In some embodiments, each of the two ends of the mass structure may be formed by extending at least one stopper.

In addition, three or more stoppers may be formed at both ends of the mass structure to extend at a center portion and at both corner portions, respectively.

In some other embodiments, the width of the plurality of trench structures may be smaller than the width of the mass structure, and both corners of both ends of the mass structure may be in contact with the substrate.

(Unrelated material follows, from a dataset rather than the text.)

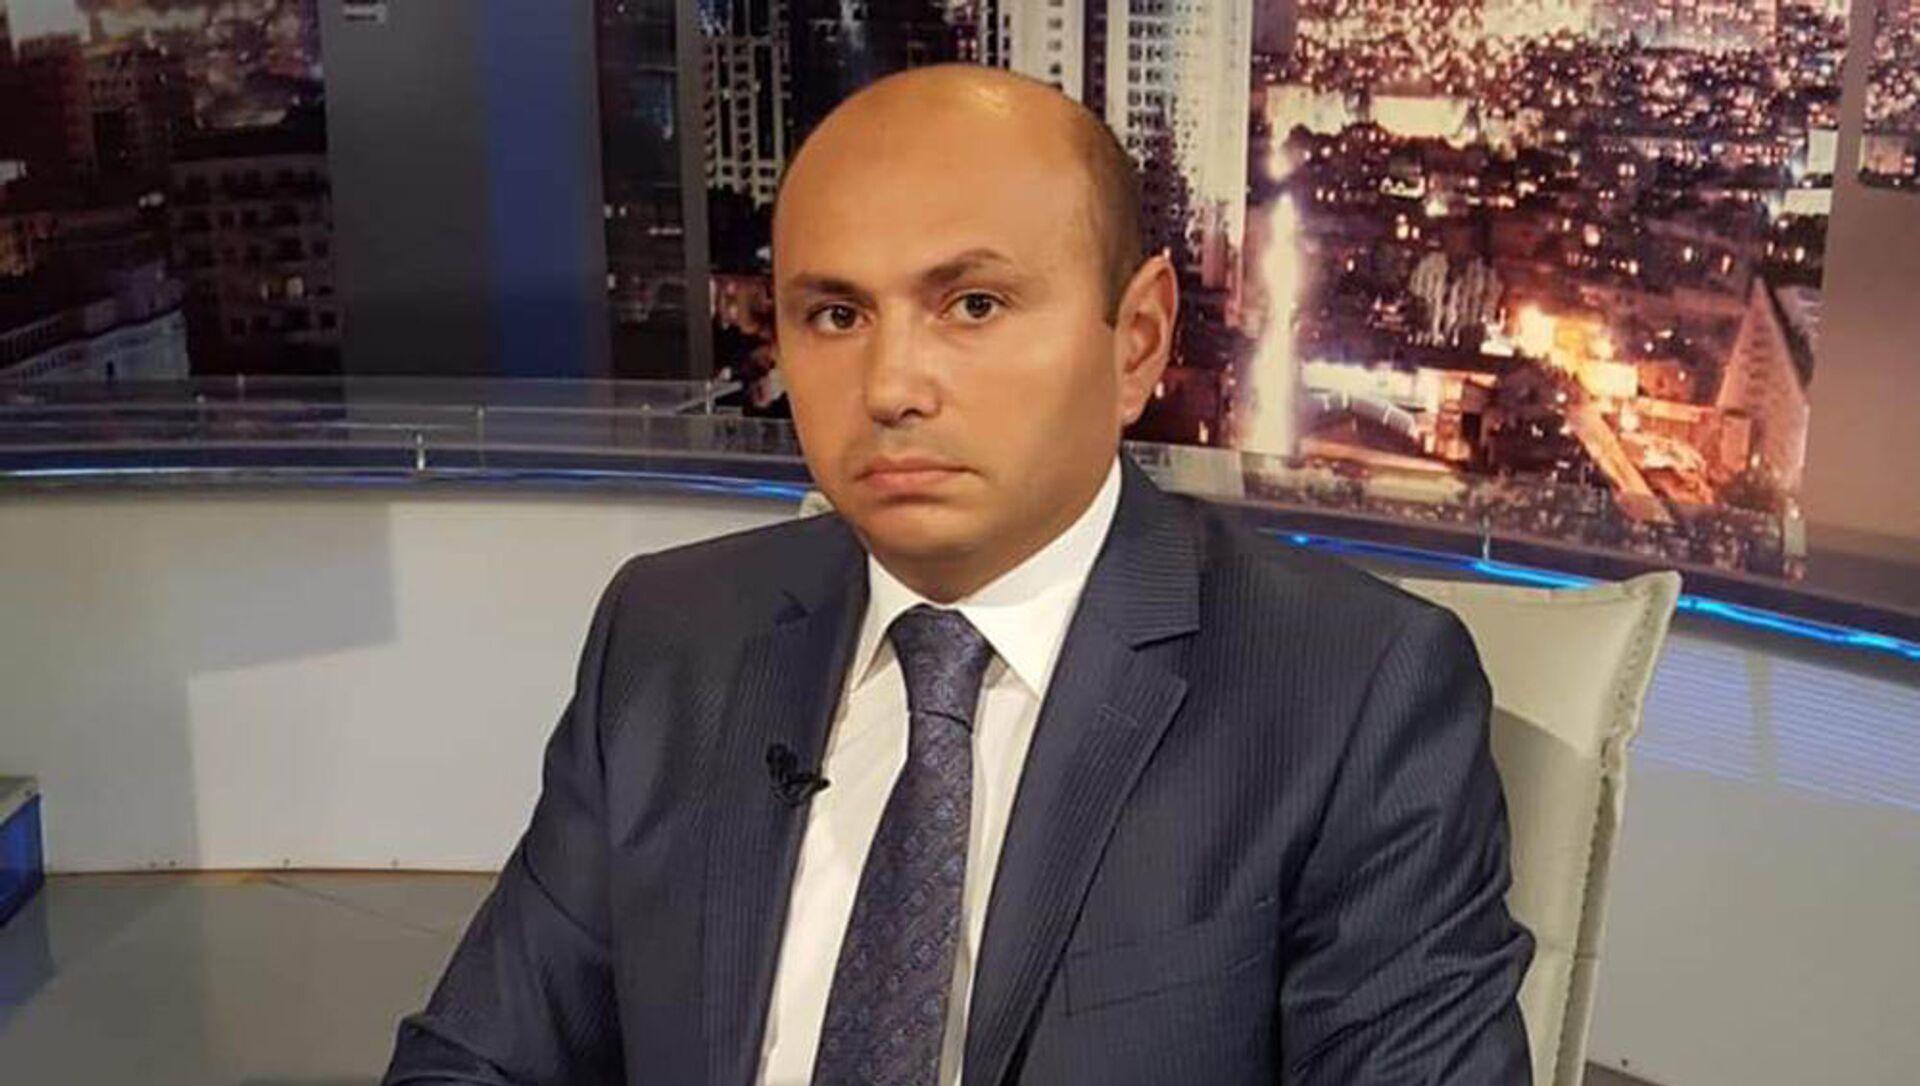 Эльшад Мирбашир, политолог, фото из архива - Sputnik Азербайджан, 1920, 19.08.2021
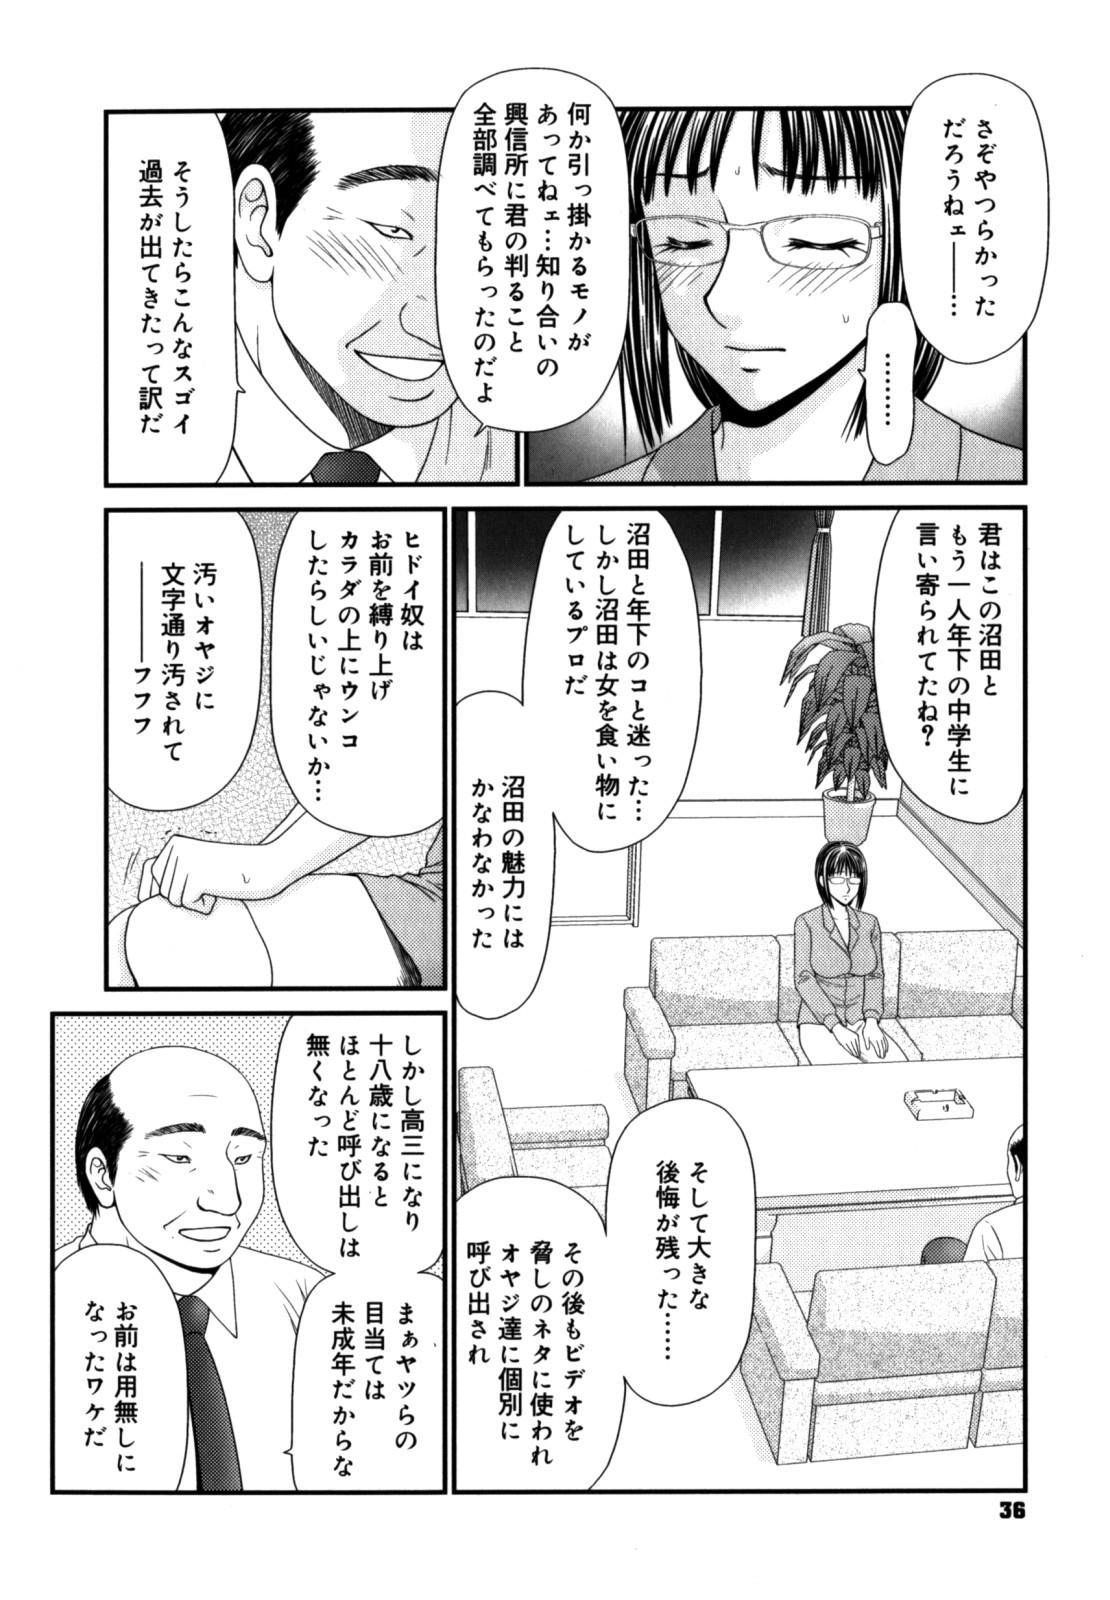 Gakuen no Mushikera 2 35

In some other embodiments, the width of the plurality of trench structures may be greater than the width of the mass structure, and both edge portions of both ends of the mass structure may not be in contact with the substrate.

MEMS package according to another aspect of the present invention for solving the above problems includes any one of the above-described MEMS device.

A computing system according to another aspect of the present invention for solving the above problems includes any one of the above-described MEMS device.

MEMS device manufacturing method according to another aspect of the present invention for solving the above problems, the first silicon layer, the silicon oxide layer formed on the first silicon layer and the second silicon layer formed on the silicon oxide layer Providing a substrate comprising: etching the silicon oxide layer and the second silicon layer to form a plurality of holes on both sides of the substrate; and etching the first silicon layer below the plurality of holes to form the plurality of holes. Forming a plurality of trench structures on both sides of the substrate, forming a mass structure pattern by etching the second silicon layer, and removing a portion of the silicon oxide layer with respect to a rotation axis perpendicular to the direction of acceleration. Completing a rotatable mass structure.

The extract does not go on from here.